In the copy you make, include no pictures, and transcribe every record exactly.
--
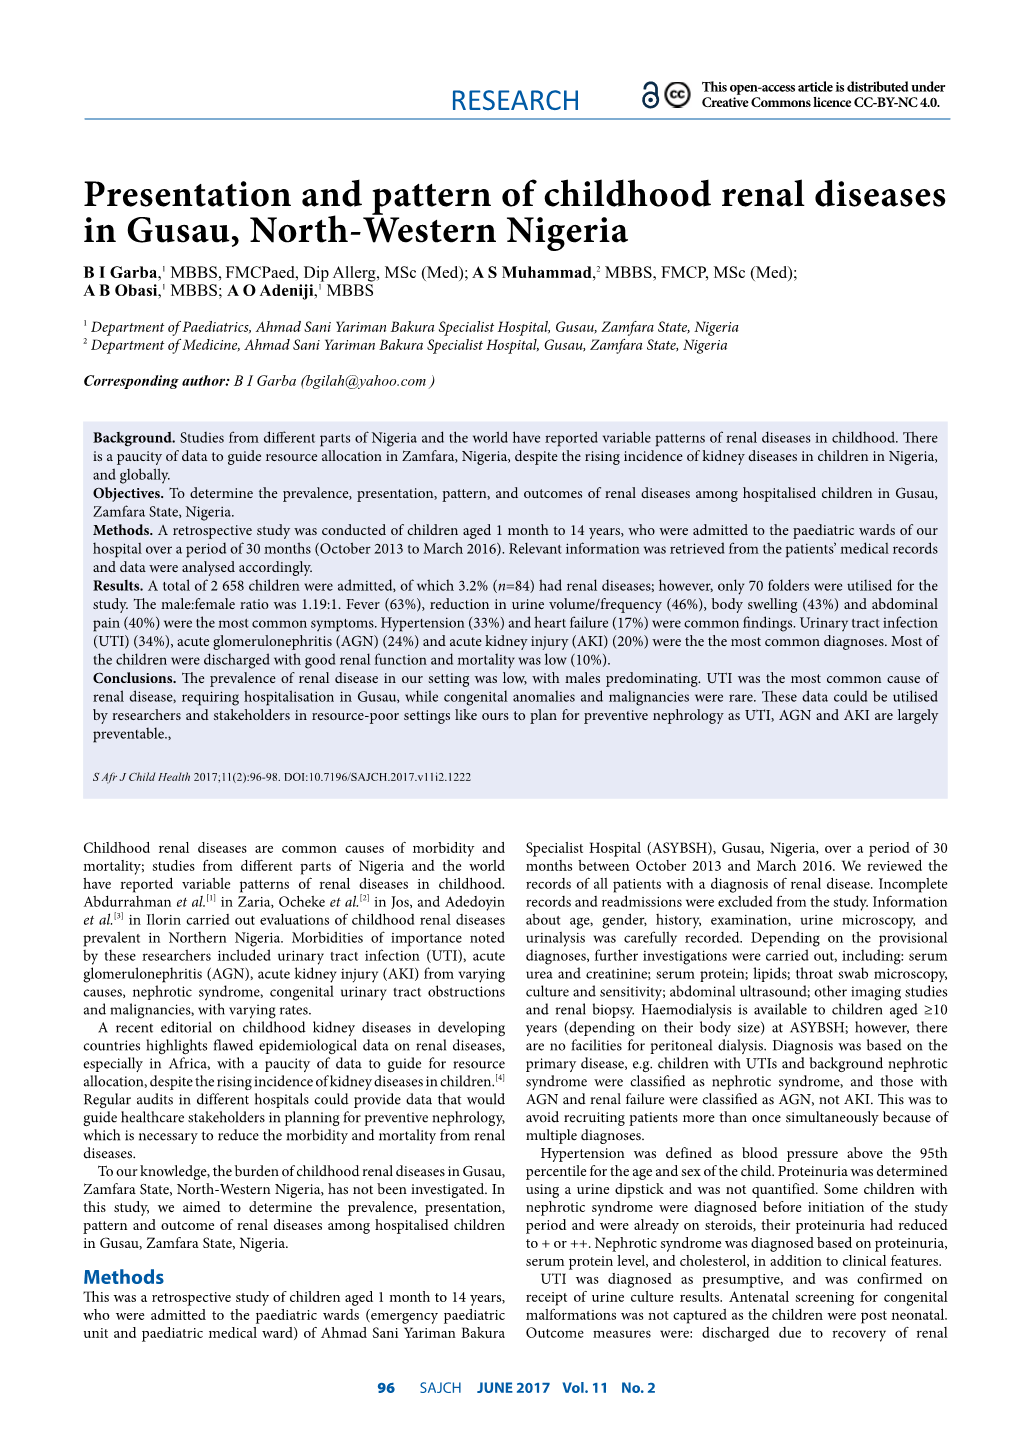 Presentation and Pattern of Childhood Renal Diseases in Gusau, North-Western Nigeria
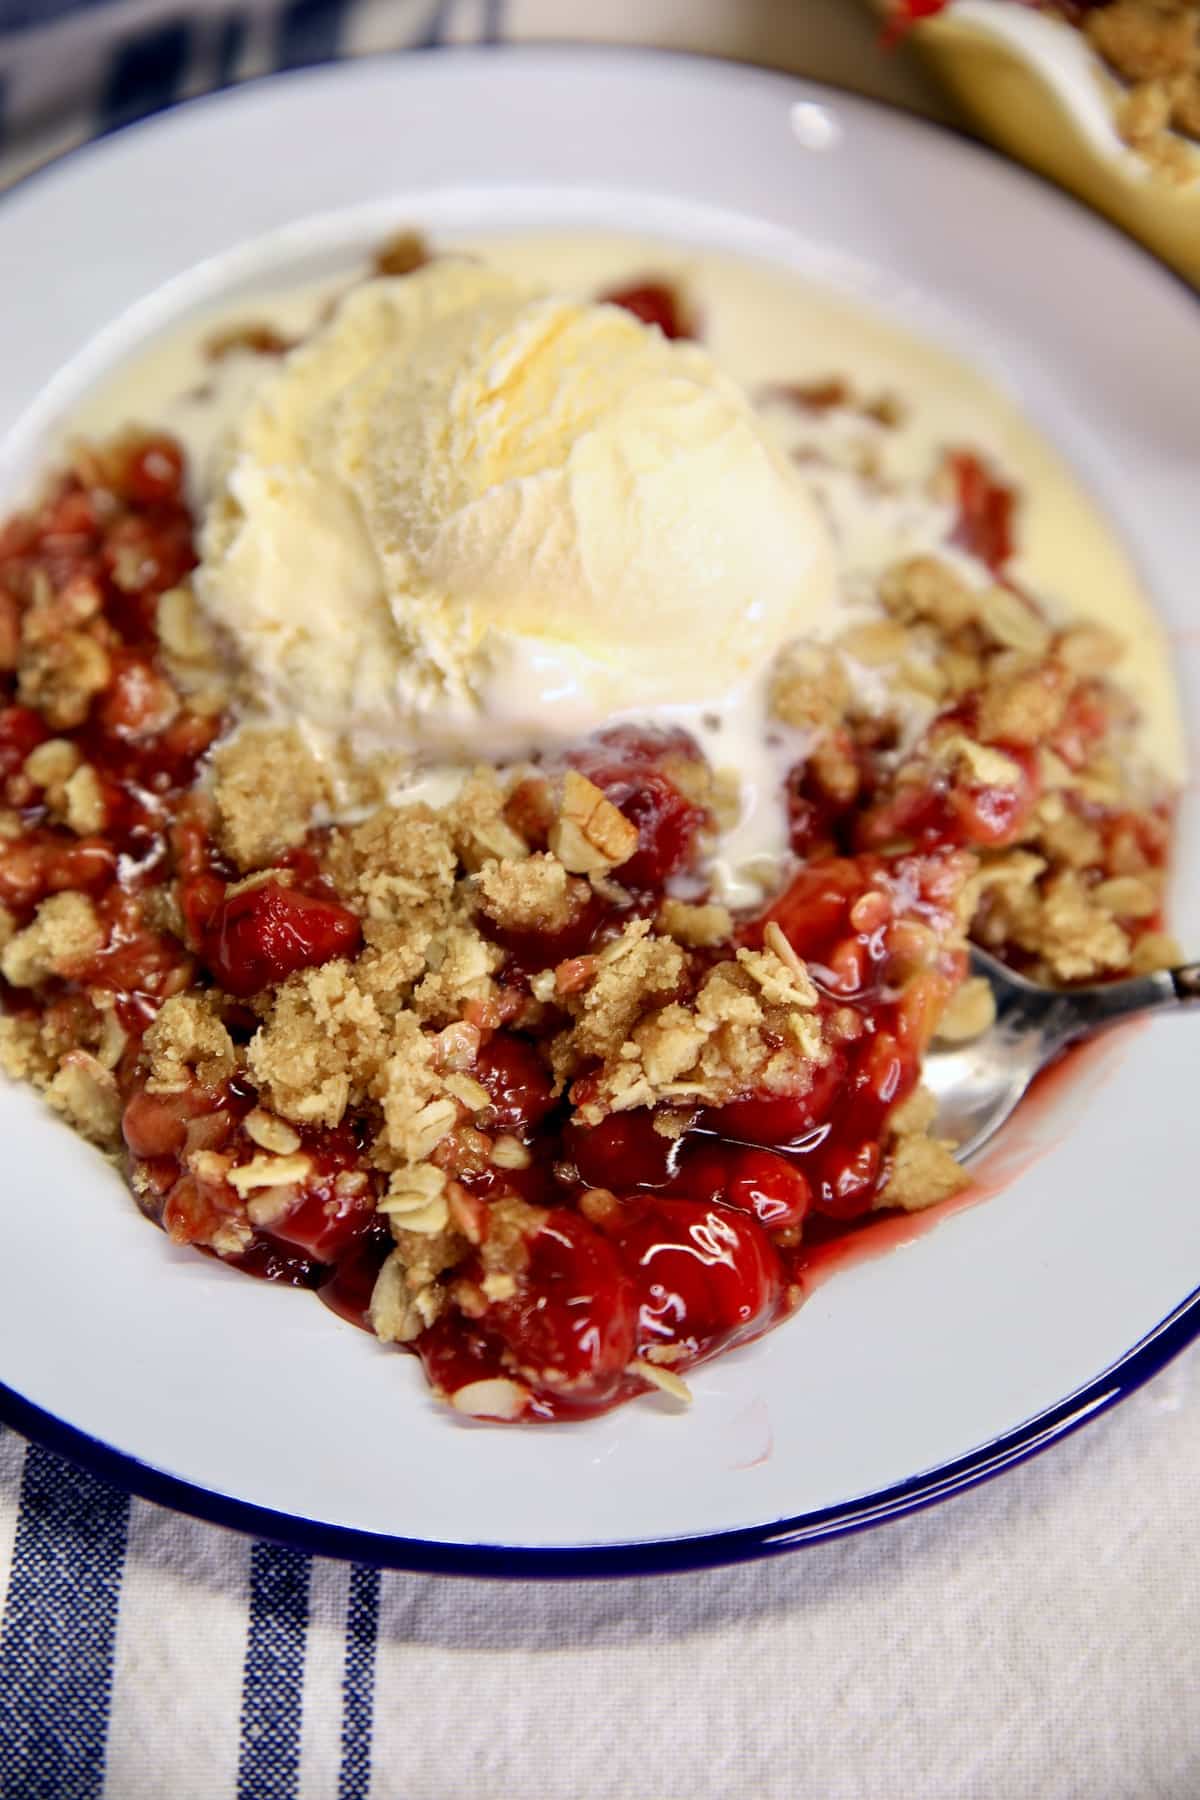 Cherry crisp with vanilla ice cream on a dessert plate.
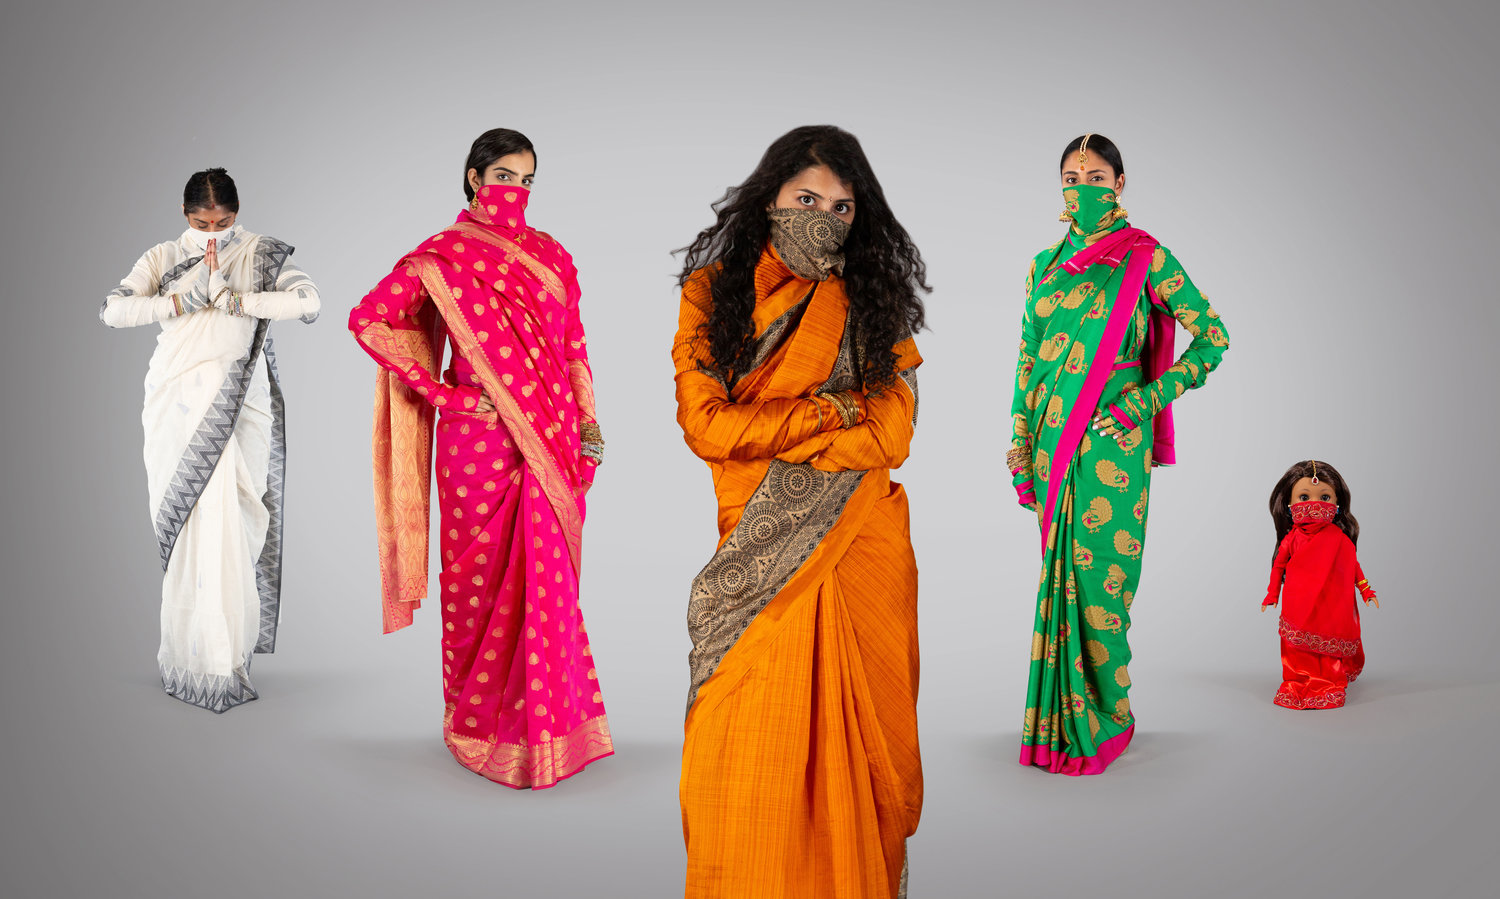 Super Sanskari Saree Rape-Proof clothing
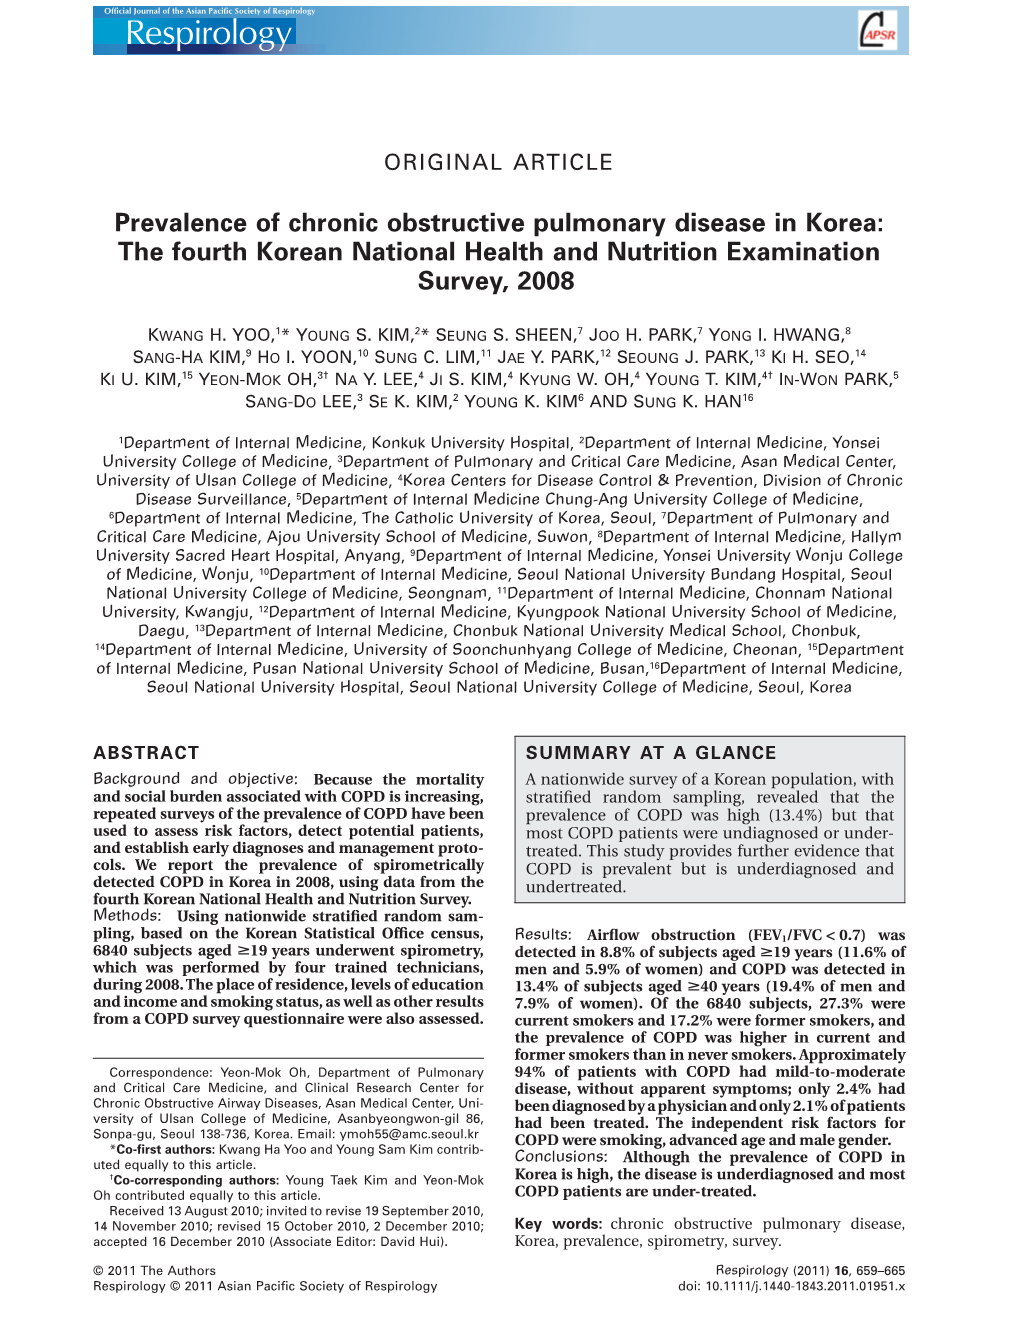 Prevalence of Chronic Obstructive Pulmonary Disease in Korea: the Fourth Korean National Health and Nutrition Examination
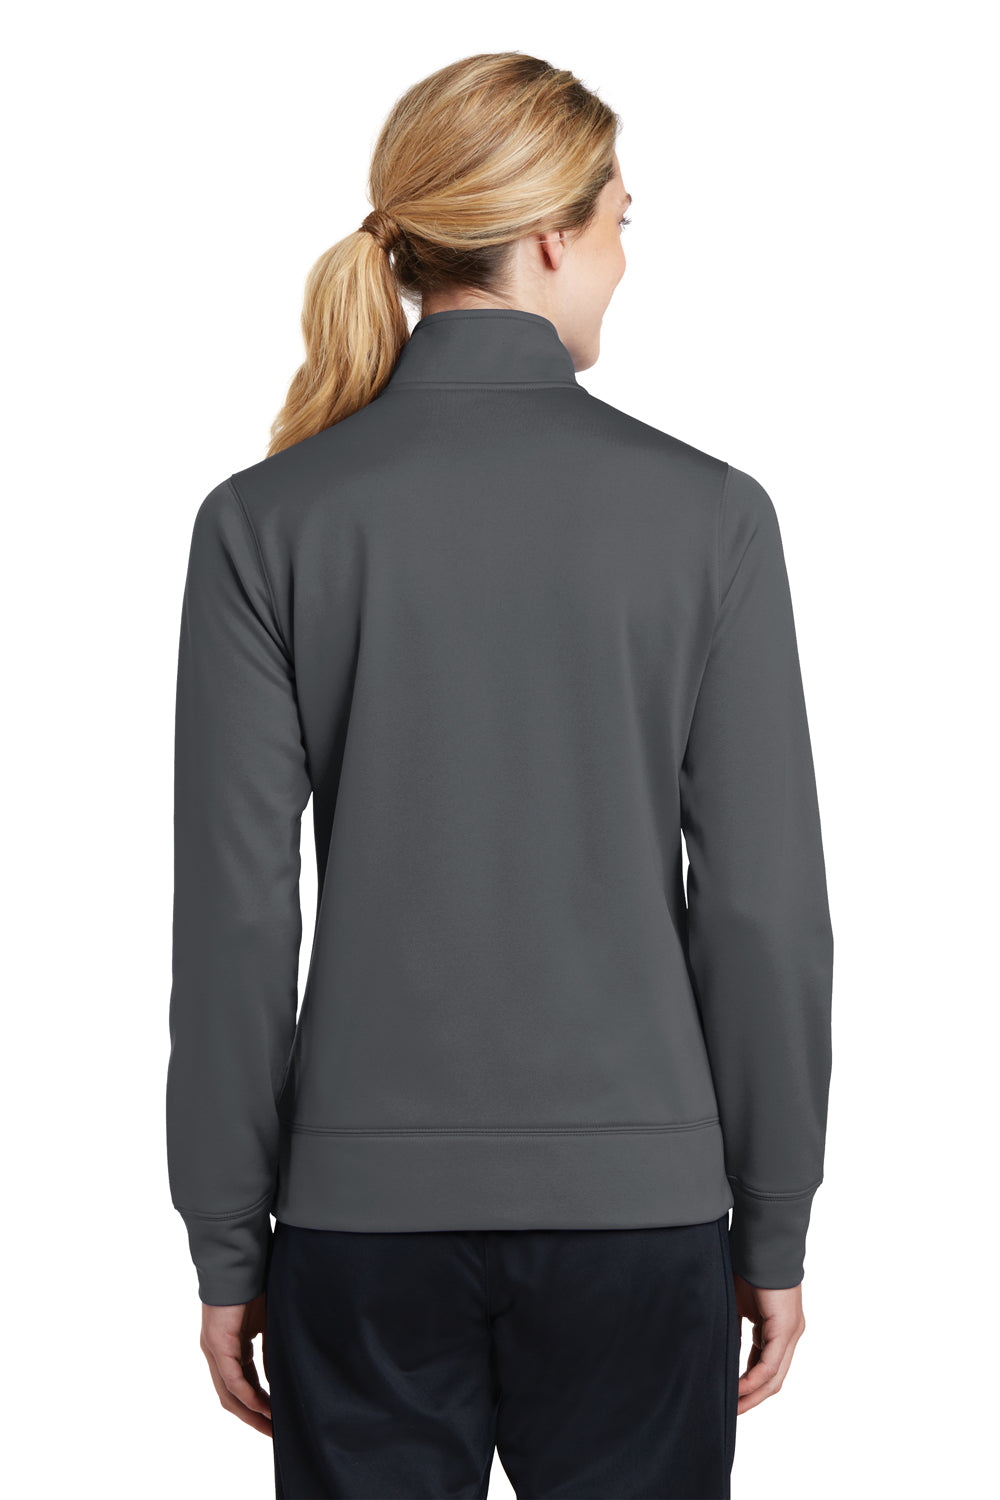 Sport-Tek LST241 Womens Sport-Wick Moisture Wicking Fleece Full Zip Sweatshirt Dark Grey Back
--
Your response —
 Presentation and Pattern of Childhood Renal Diseases in Gusau, North-Western Nigeria
 Cherry crisp with vanilla ice cream on a dessert plate.
 Super Sanskari Saree Rape-Proof clothing
 Prevalence of Chronic Obstructive Pulmonary Disease in Korea: the Fourth Korean National Health and Nutrition Examination
 Sport-Tek LST241 Womens Sport-Wick Moisture Wicking Fleece Full Zip Sweatshirt Dark Grey Back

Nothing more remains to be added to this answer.